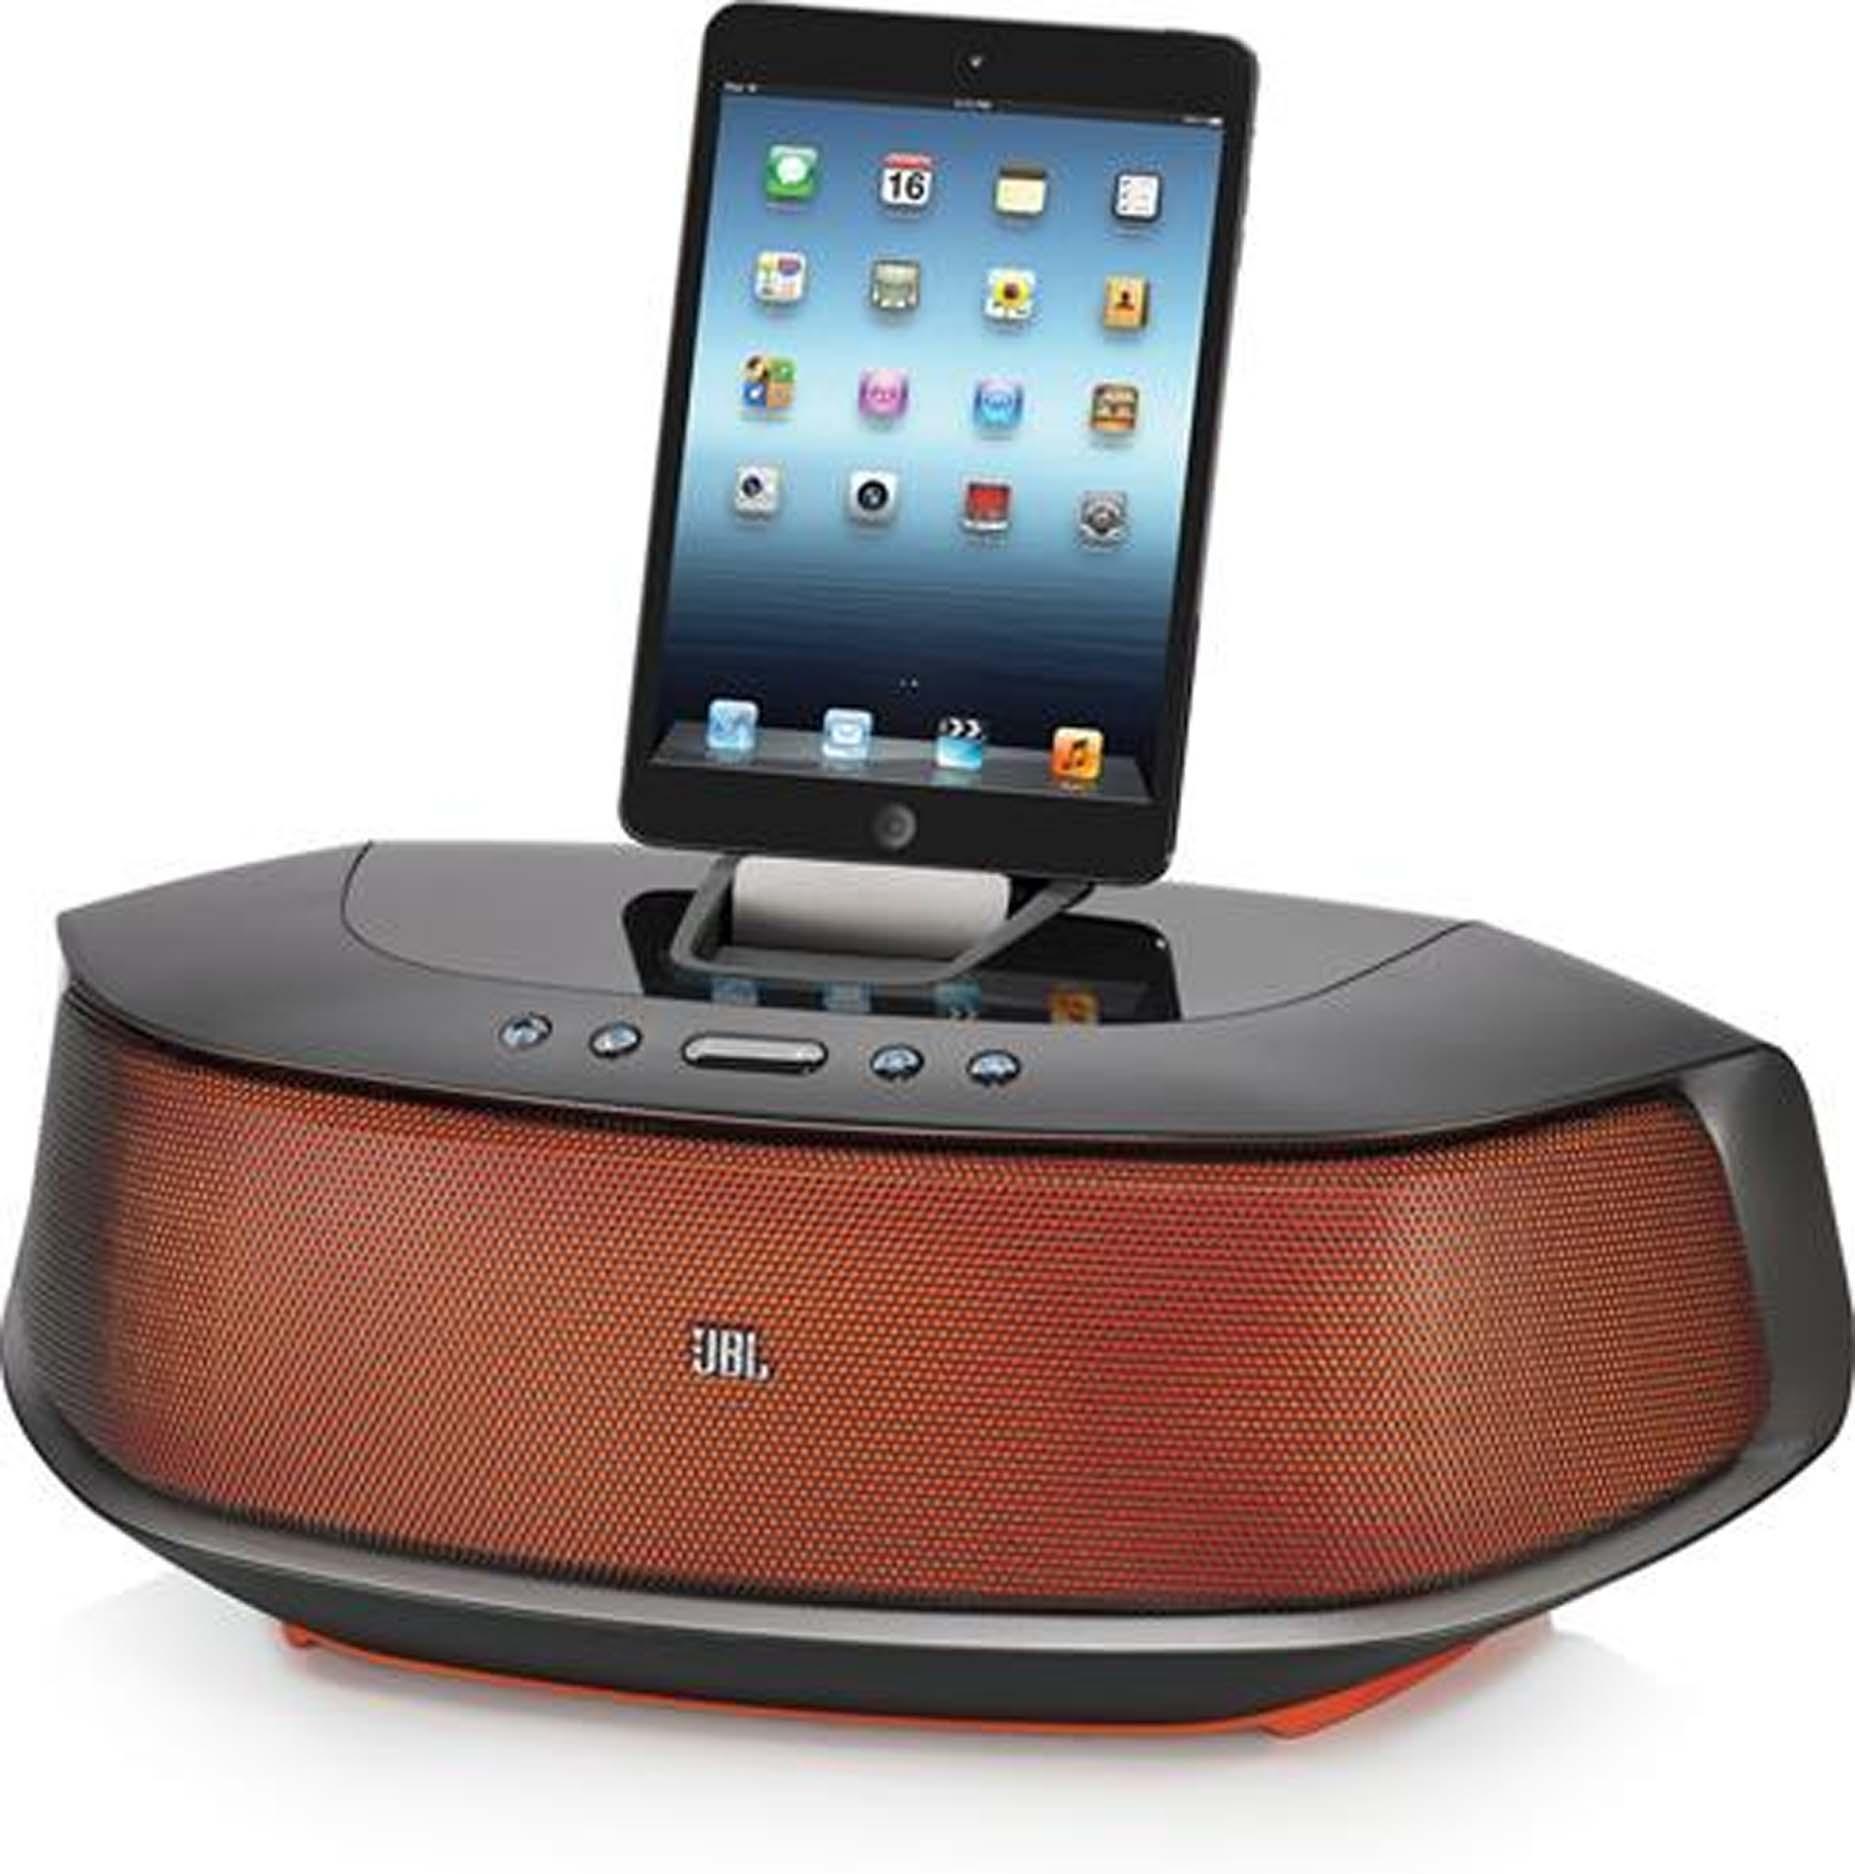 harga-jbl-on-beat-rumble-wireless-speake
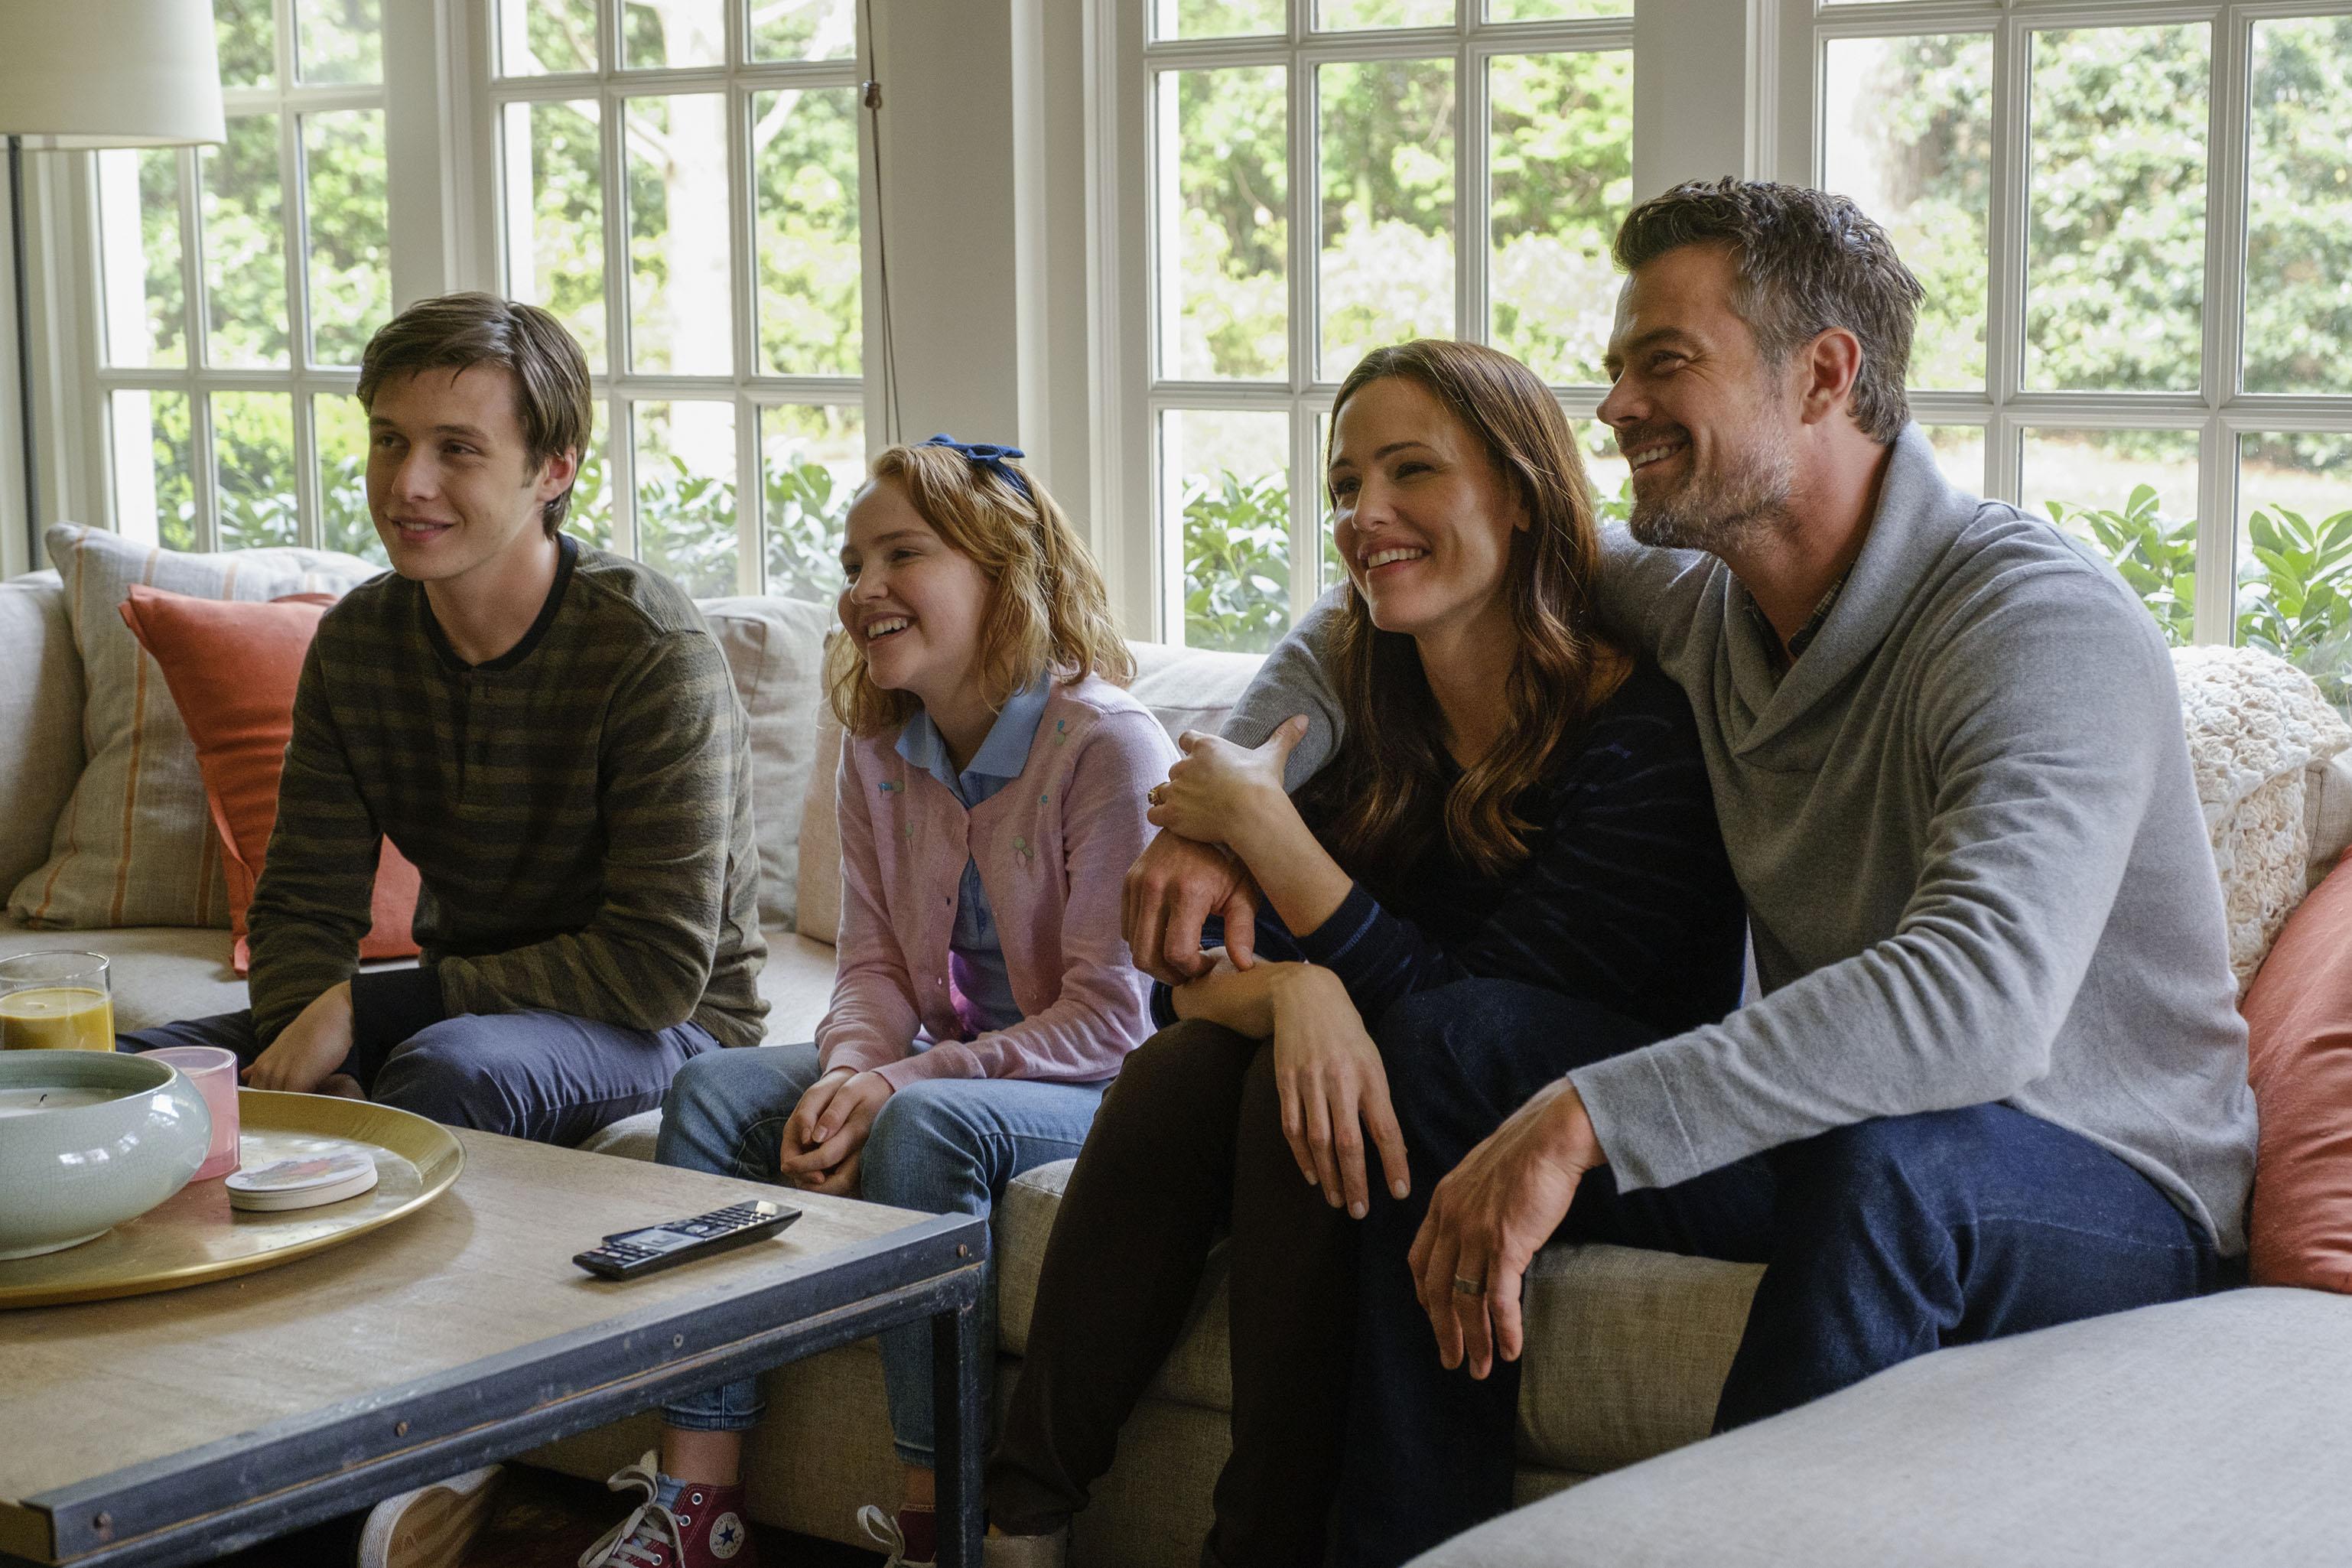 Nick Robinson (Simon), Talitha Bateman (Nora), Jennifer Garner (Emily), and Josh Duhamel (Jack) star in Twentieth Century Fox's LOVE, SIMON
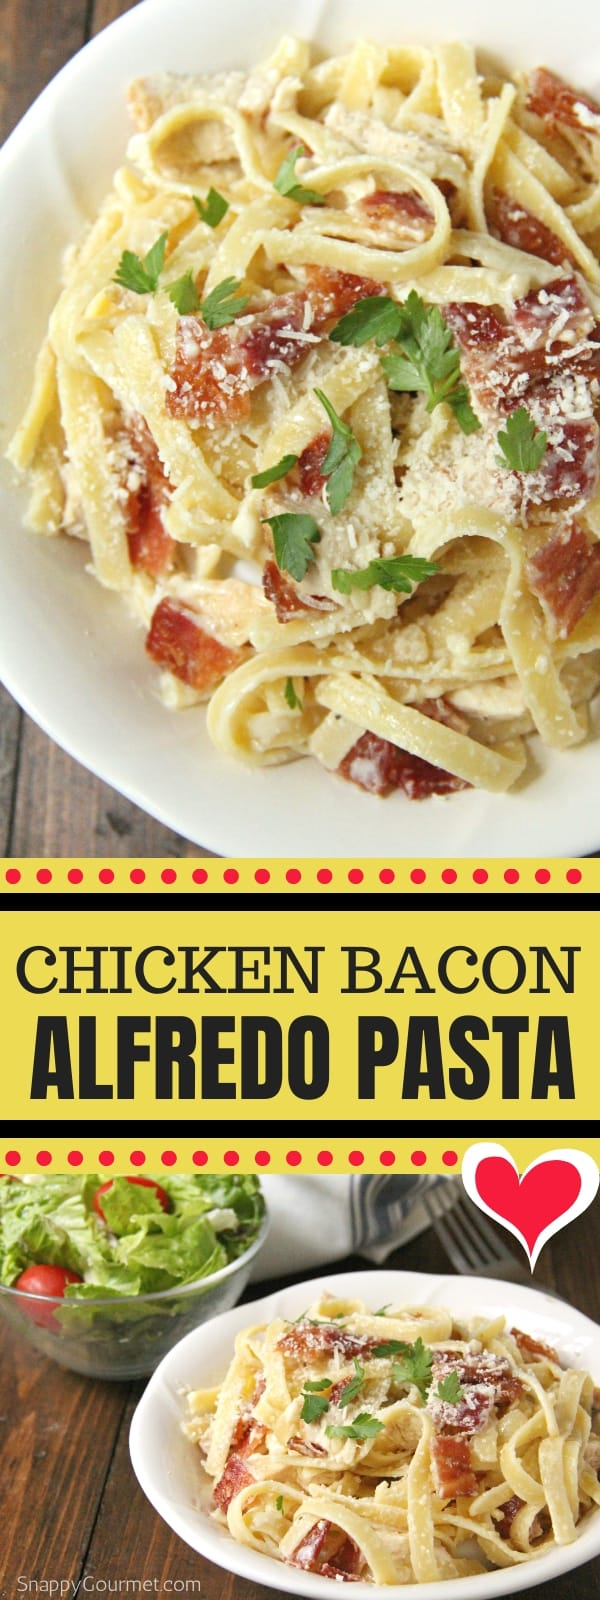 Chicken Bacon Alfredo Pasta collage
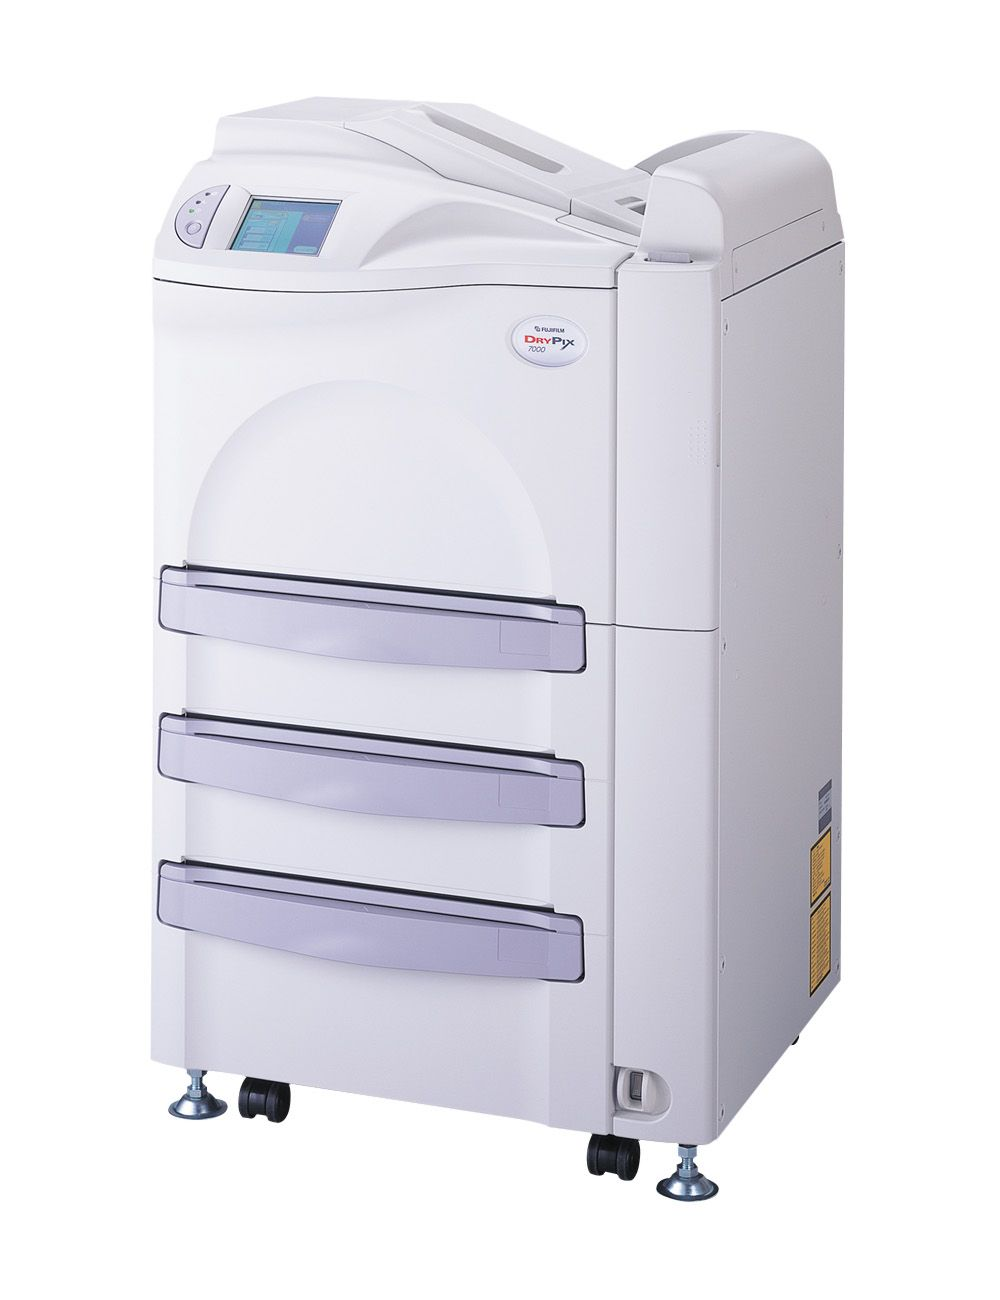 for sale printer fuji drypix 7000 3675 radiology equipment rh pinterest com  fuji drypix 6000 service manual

**What to produce**
Every line from the one with "Nick Robinson (Simon), Talitha" through the last line of the material gets printed exactly, and nothing more. Omit the pictures.

**Result of this task**
 Nick Robinson (Simon), Talitha Bateman (Nora), Jennifer Garner (Emily), and Josh Duhamel (Jack) star in Twentieth Century Fox's LOVE, SIMON
 Chicken Bacon Alfredo Pasta collage
 for sale printer fuji drypix 7000 3675 radiology equipment rh pinterest com  fuji drypix 6000 service manual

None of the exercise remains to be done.